Would you restate the listing word for word, with the images omitted?

[[ MATERIAL PROVIDED open ]]

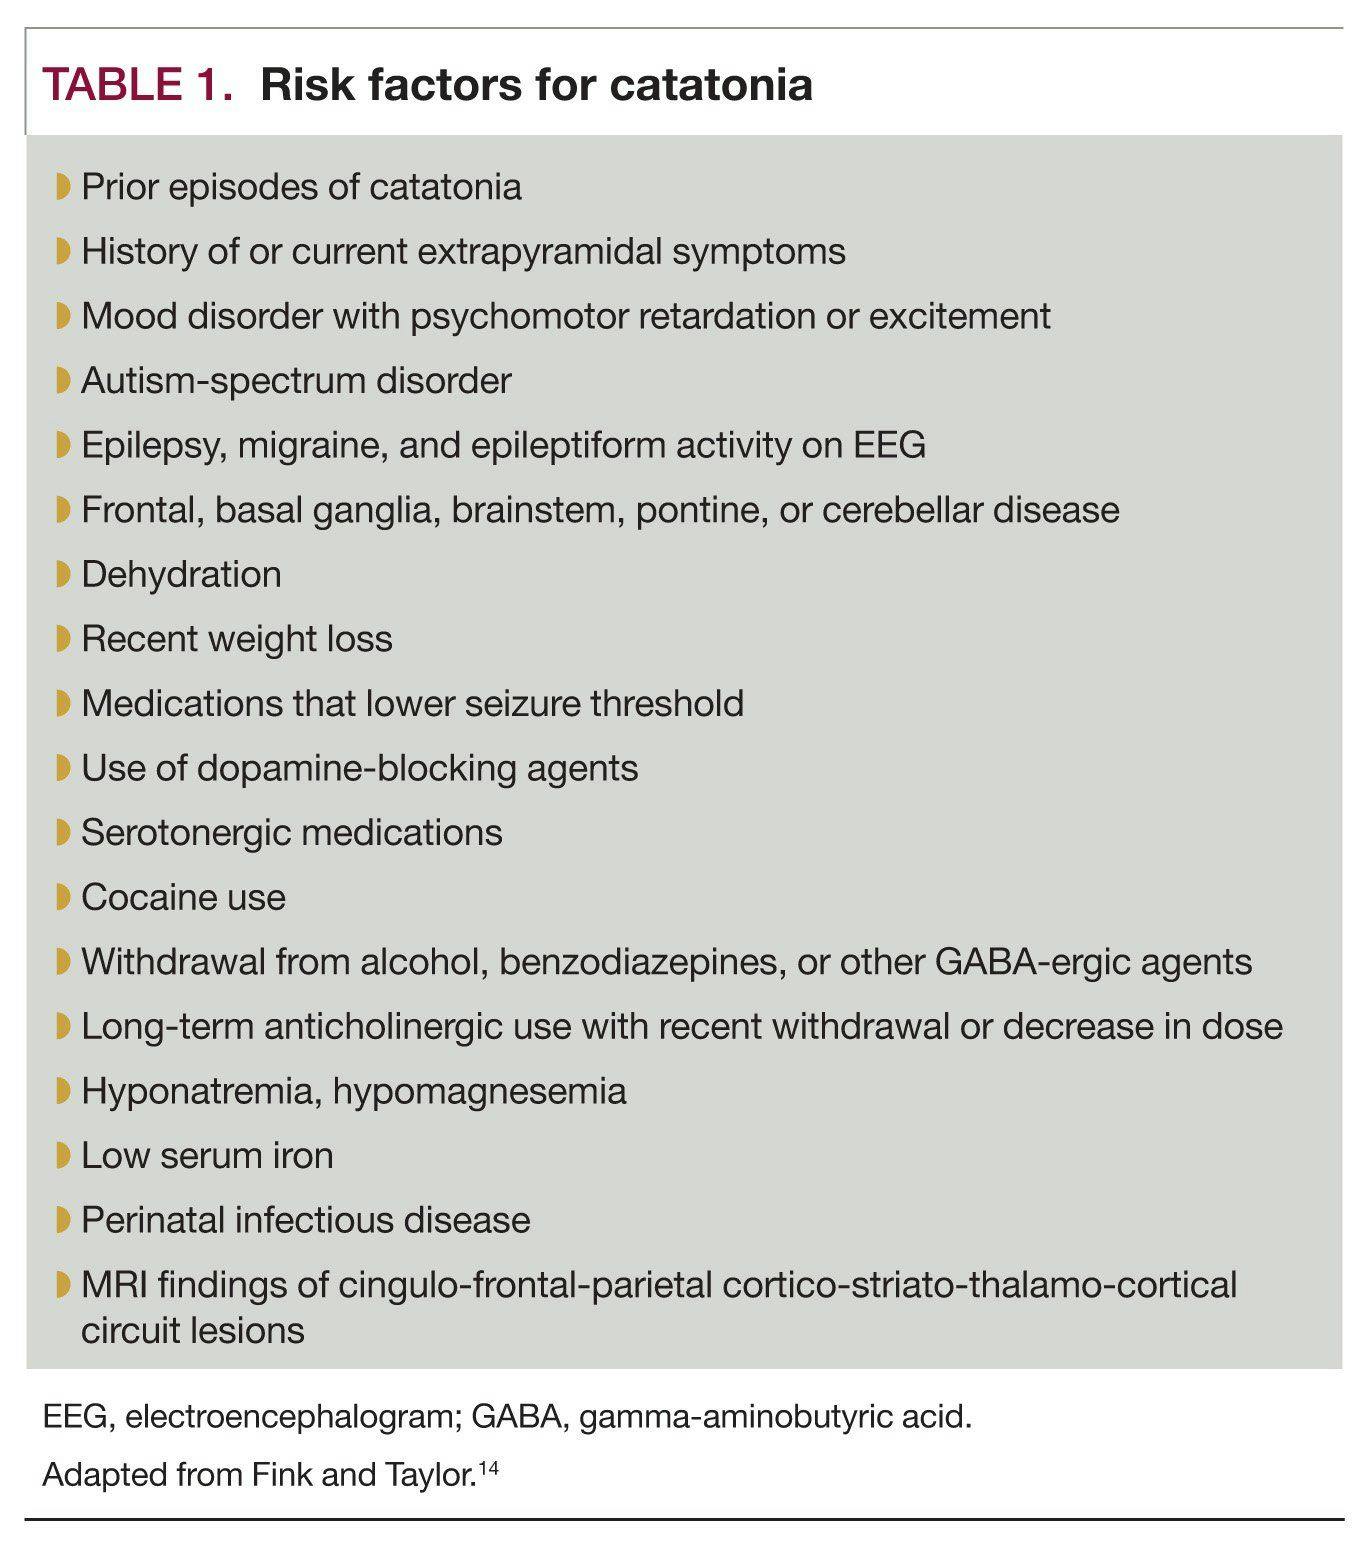 Risk factors for catatonia
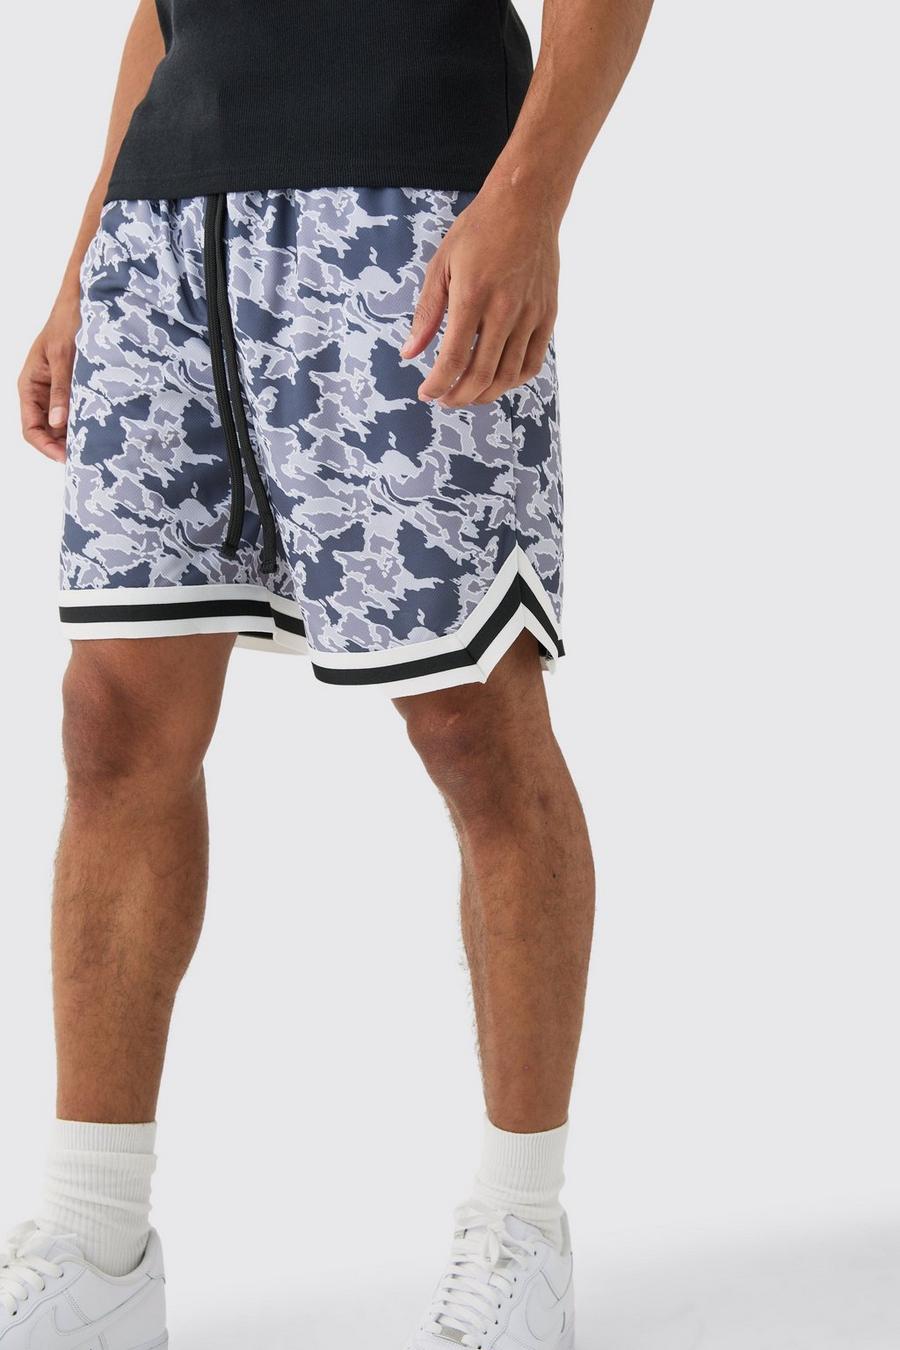 Lockere mittellange Camouflage Mesh Basketball-Shorts, Black
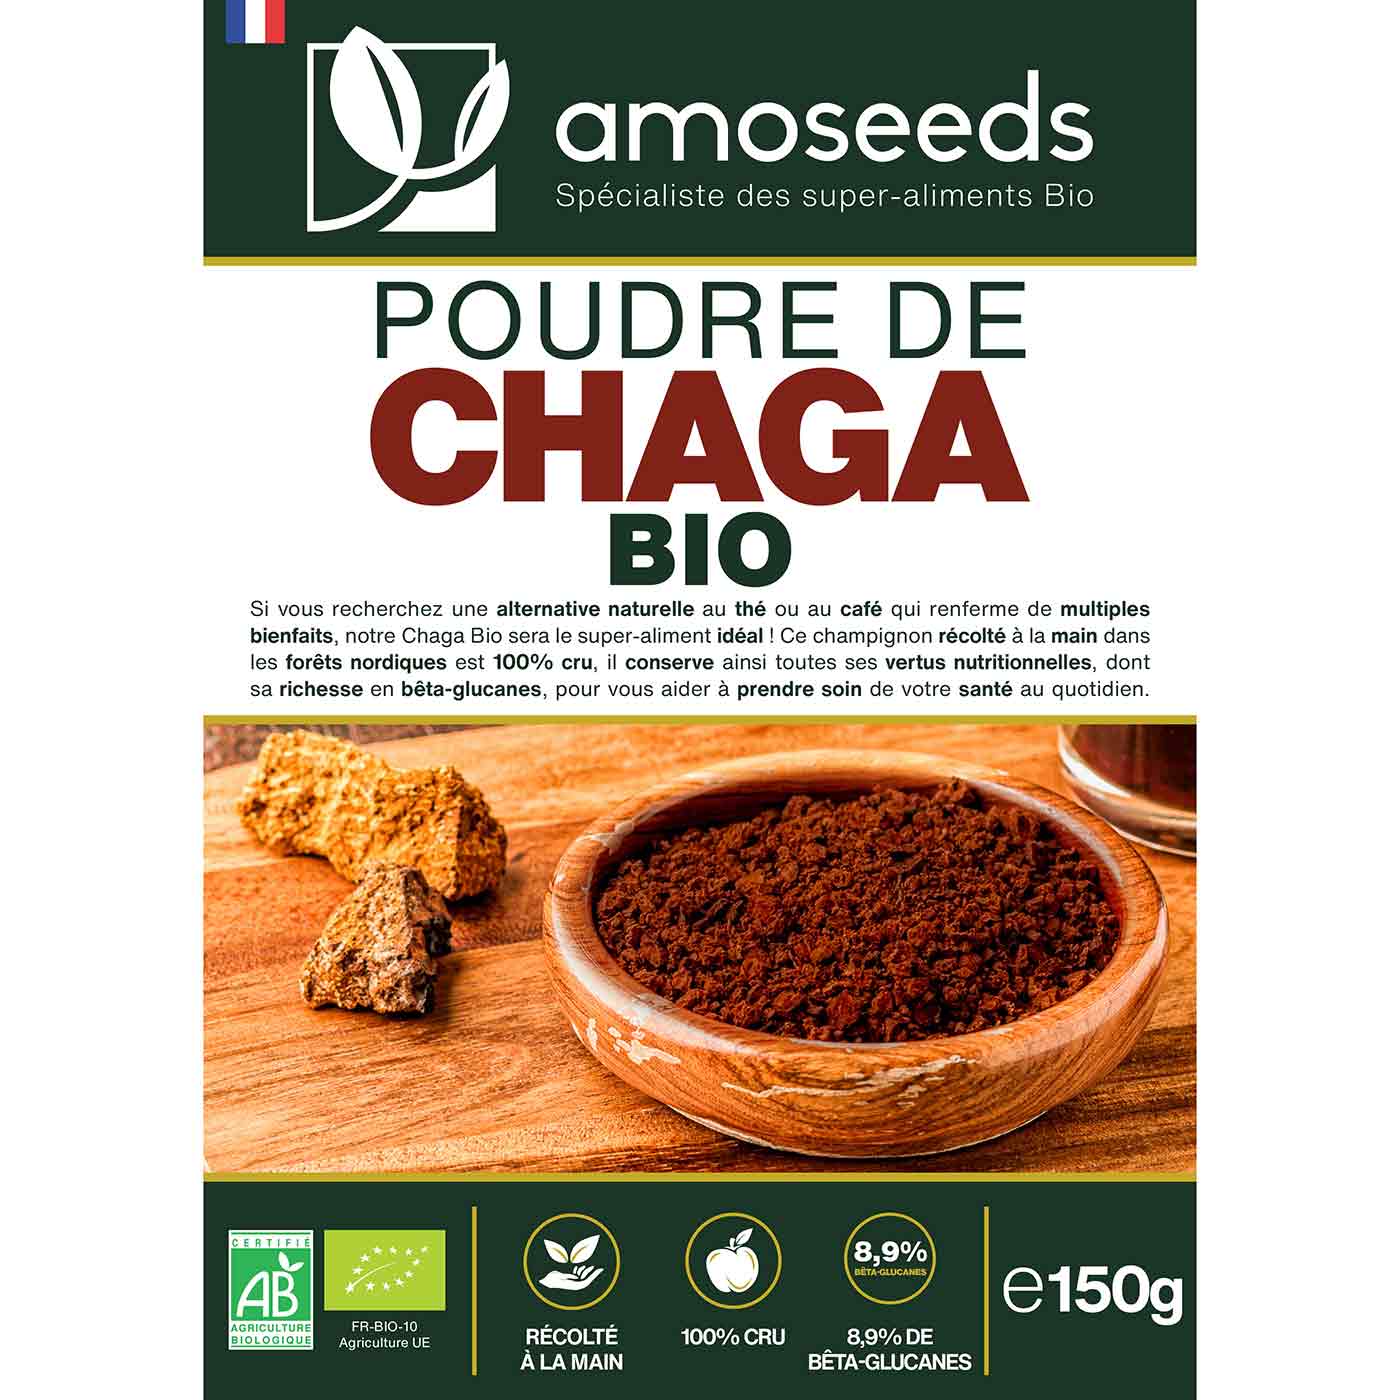 Poudre de Chaga Bio 150G amoseeds specialiste des super aliments Bio

[[ MATERIAL PROVIDED closed ]]

SOLVED EXERCISE =
 Risk factors for catatonia
 Lockere mittellange Camouflage Mesh Basketball-Shorts, Black
 Poudre de Chaga Bio 150G amoseeds specialiste des super aliments Bio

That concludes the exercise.